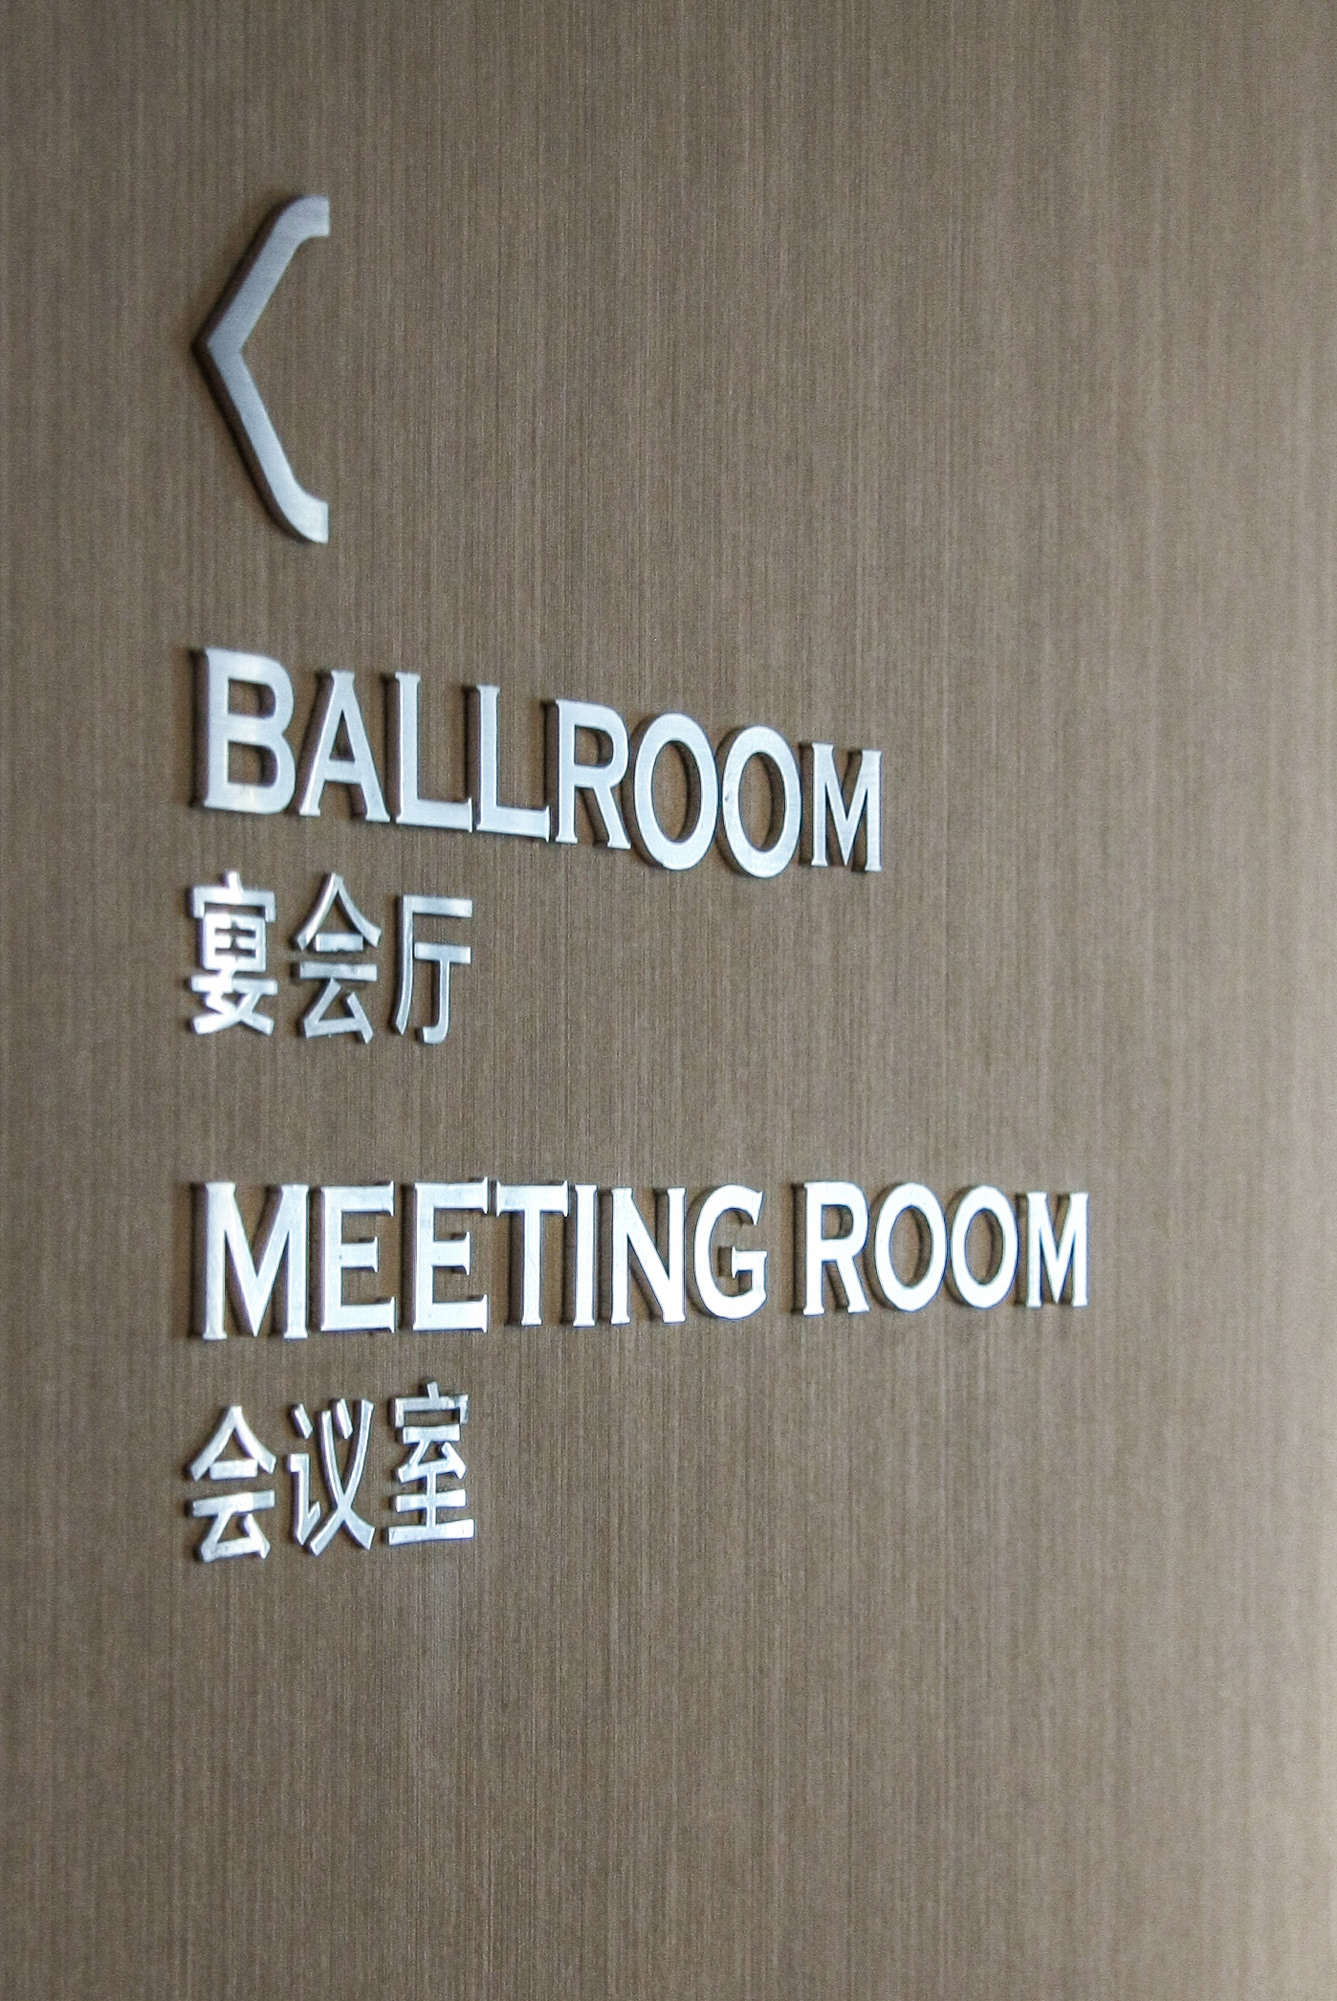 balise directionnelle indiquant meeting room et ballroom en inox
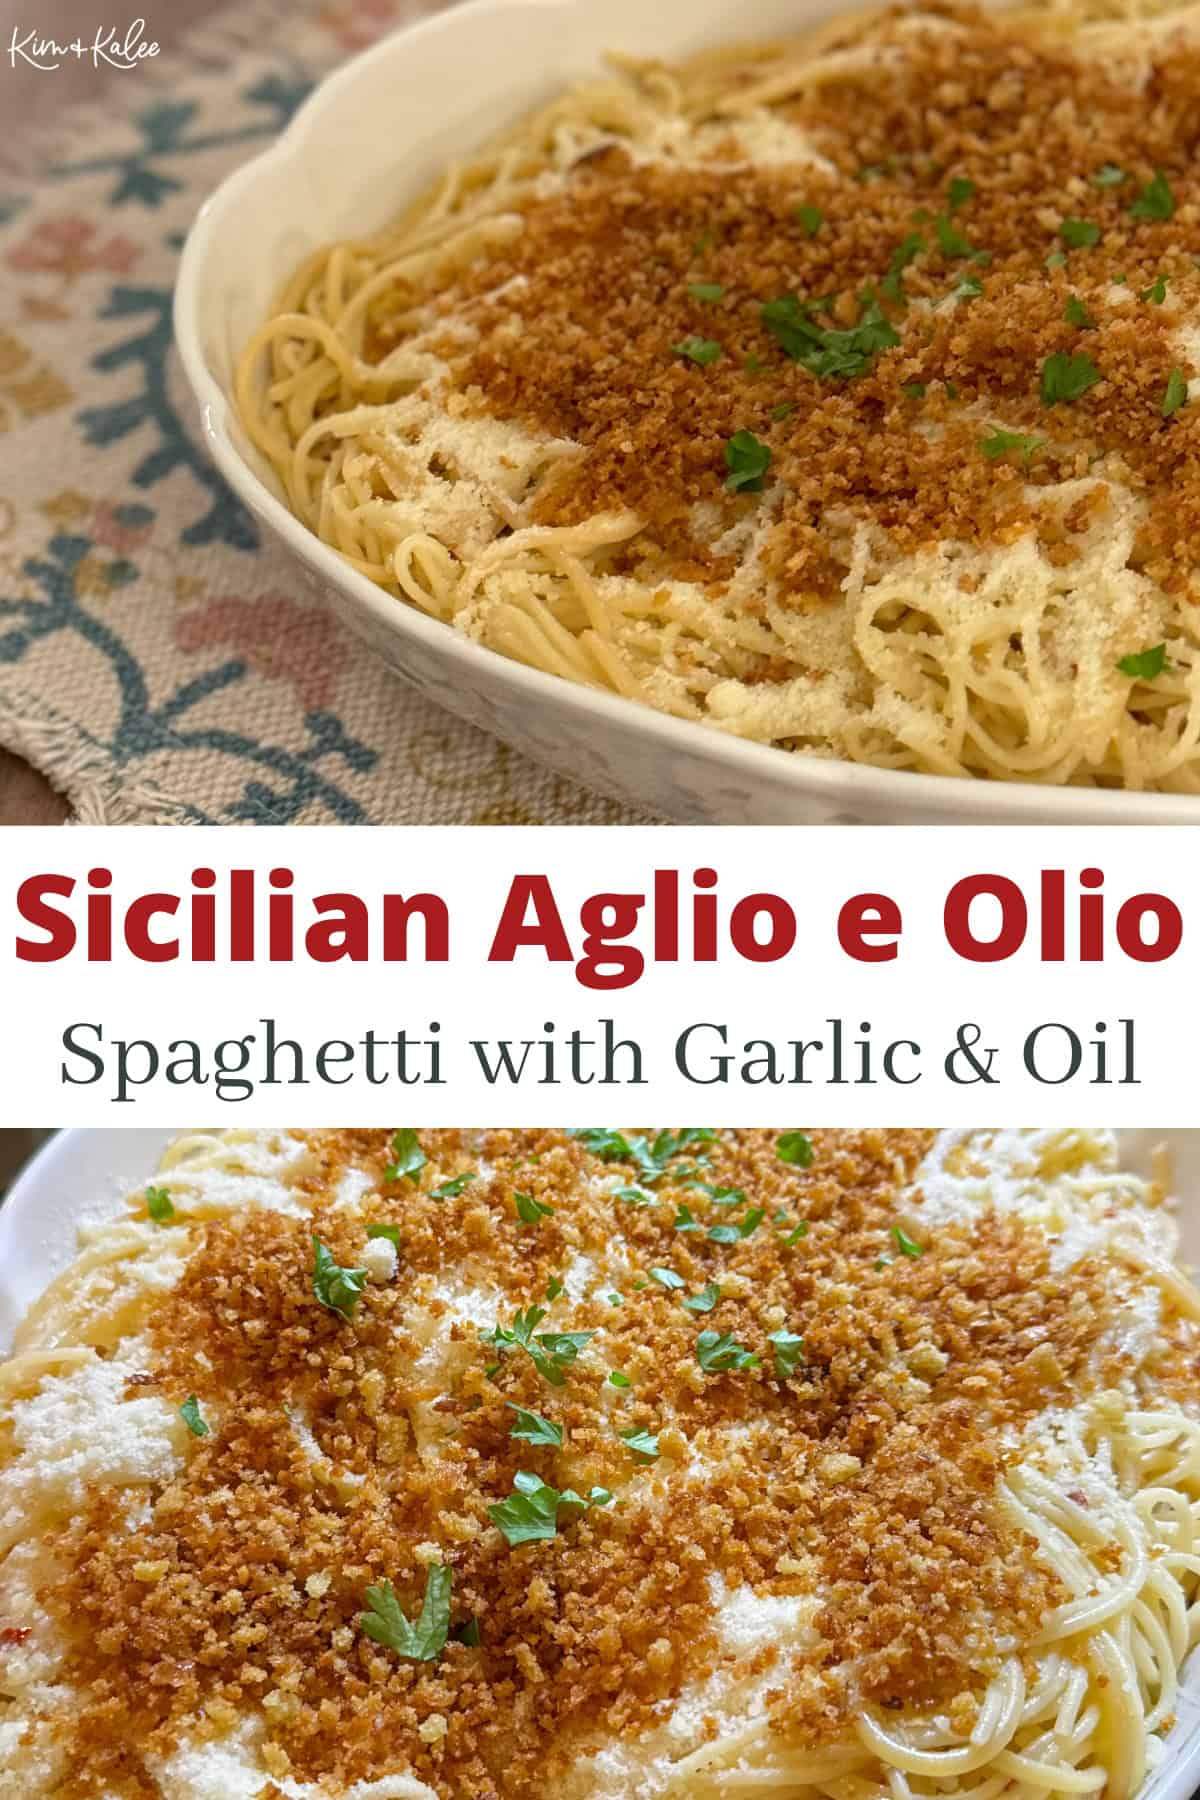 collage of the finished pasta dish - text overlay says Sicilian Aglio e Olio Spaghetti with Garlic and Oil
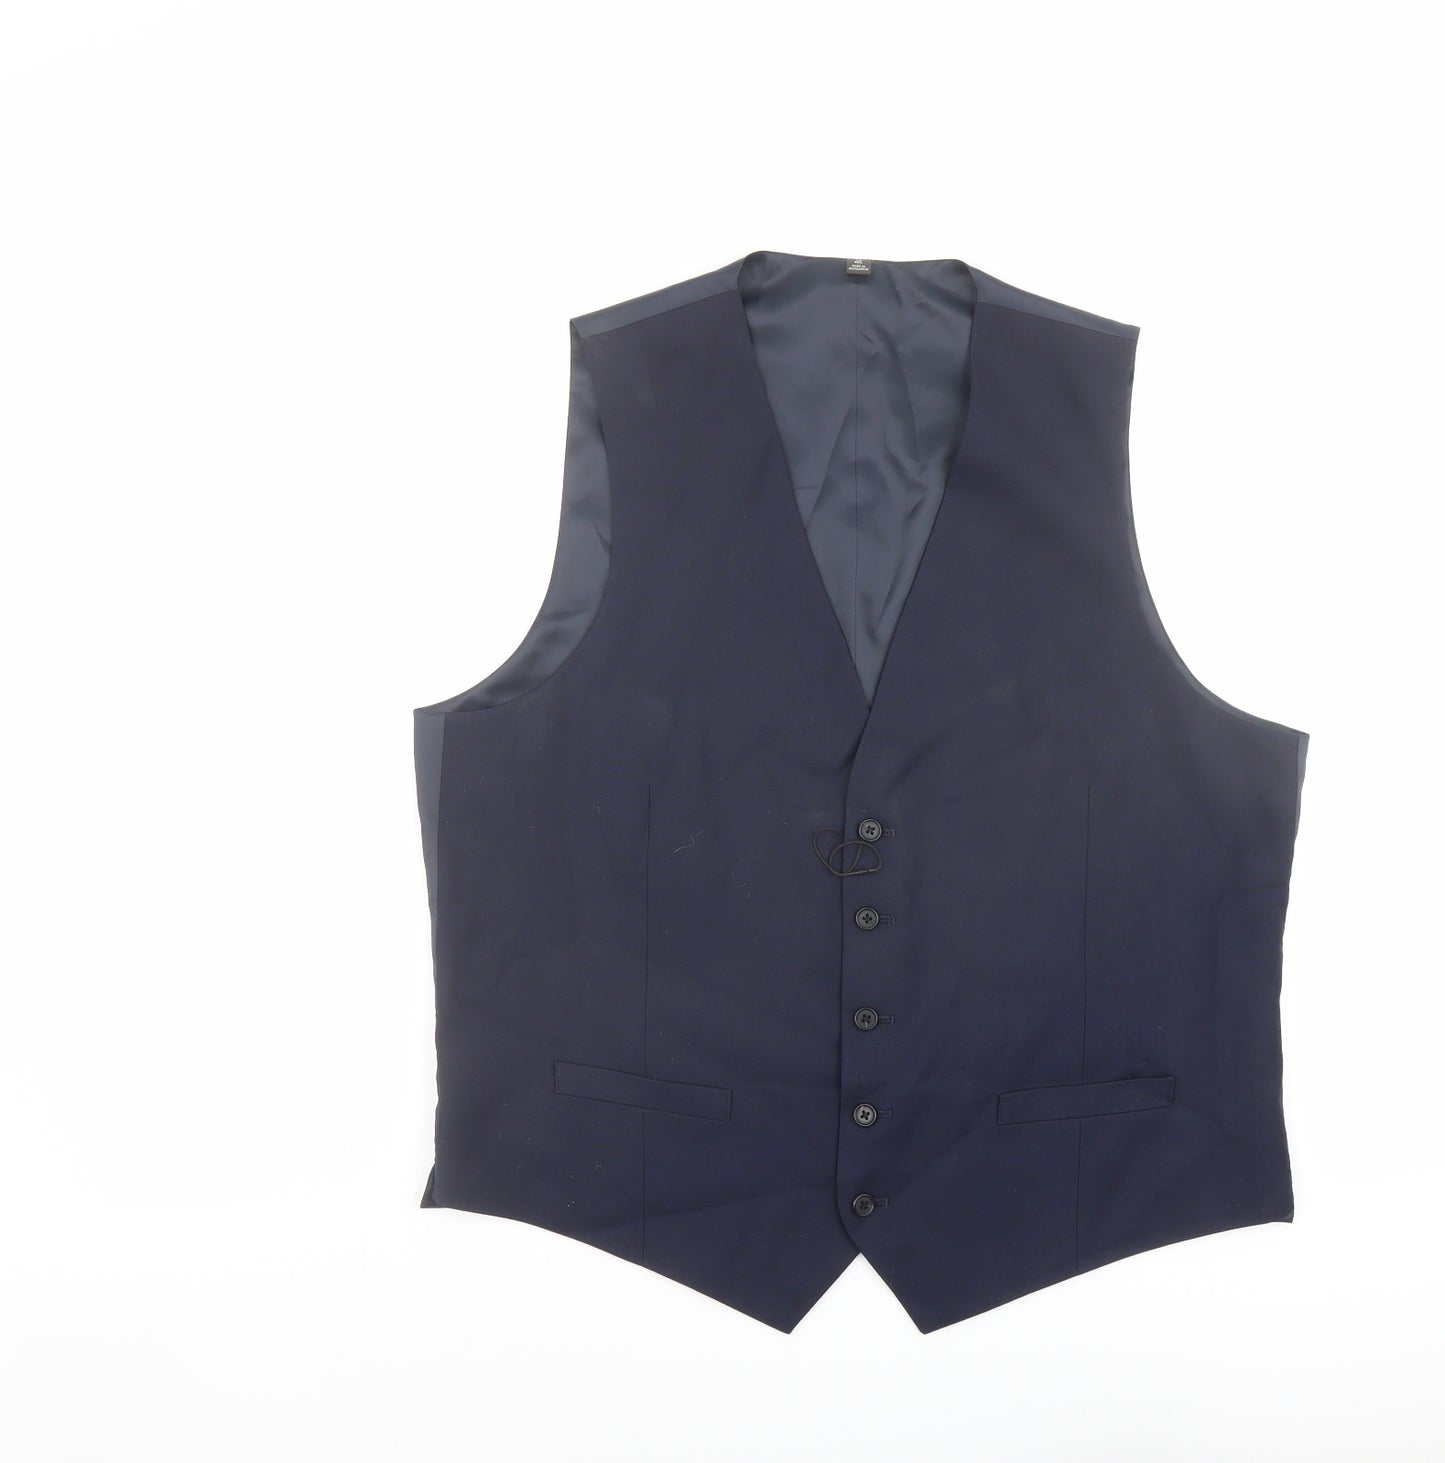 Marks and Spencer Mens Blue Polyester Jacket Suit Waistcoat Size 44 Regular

------

Should there be pictures in the data, leave them out and return the rest exactly.

§ **Solution for this problem**:
 balise directionnelle indiquant meeting room et ballroom en inox
 collage of the finished pasta dish - text overlay says Sicilian Aglio e Olio Spaghetti with Garlic and Oil
 Marks and Spencer Mens Blue Polyester Jacket Suit Waistcoat Size 44 Regular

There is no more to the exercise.